Using the kinematic equation $y - y_0=v_{0y}t-\frac{1}{2}gt^{2}$. At maximum height $t = 1$ s, $y - y_0=10\times1-\frac{1}{2}\times10\times1^{2}=5$ m.

Step4: Time of flight (c)

The time of flight $T$ is twice the time to reach maximum height. So $T = 2t=2$ s.

Step5: x - coordinate at $t = 1.5$ s (d)

Using the equation $x=v_{0x}t$, with $v_{0x}=10\sqrt{3}$ m/s and $t = 1.5$ s. Then $x=10\sqrt{3}\times1.5 = 15\sqrt{3}\approx25.98$ m.

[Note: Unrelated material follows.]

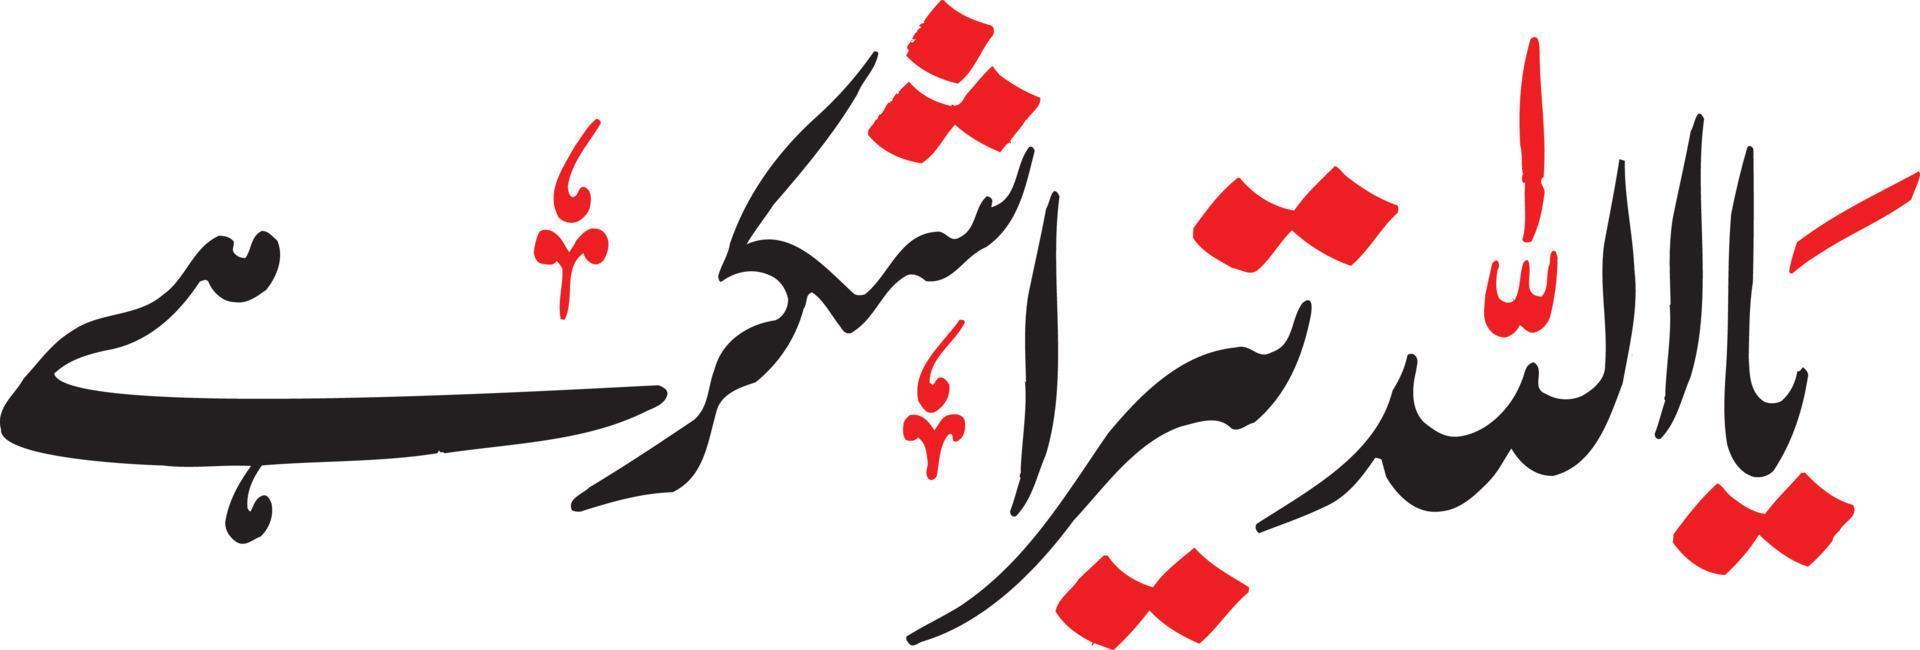 ya allaha teera shoker oye título caligrafía árabe islámica vector libre

Step6: Vertical velocity at $t = 1.5$ s

Using $v_y=v_{0y}-gt$, with $v_{0y}=10$ m/s, $g = 10$ m/s² and $t = 1.5$ s. So $v_y=10-10\times1.5=- 5$ m/s. The horizontal velocity $v_x=v_{0x}=10\sqrt{3}$ m/s.

Step7: Magnitude of velocity at $t = 1.5$ s (e)

The magnitude of the velocity $v=\sqrt{v_x^{2}+v_y^{2}}=\sqrt{(10\sqrt{3})^{2}+(-5)^{2}}=\sqrt{300 + 25}=\sqrt{325}=5\sqrt{13}\approx18.03$ m/s.

Step8: Direction of velocity at $t = 1.5$ s (f)

The direction $\theta=\tan^{-1}(\frac{v_y}{v_x})=\tan^{-1}(\frac{-5}{10\sqrt{3}})\approx - 14.48^{\circ}$. The negative sign indicates that the angle is below the horizontal.

Step9: Rising or falling at $t = 1.5$ s (g)

Since $v_y=-5$ m/s (negative), the ball is falling at $t = 1.5$ s.

Answer:

a. $1$ s
b. $5$ m
c. $2$ s
d. $15\sqrt{3}\approx25.98$ m
e. $5\sqrt{13}\approx18.03$ m/s
f. $\approx - 14.48^{\circ}$
g. Falling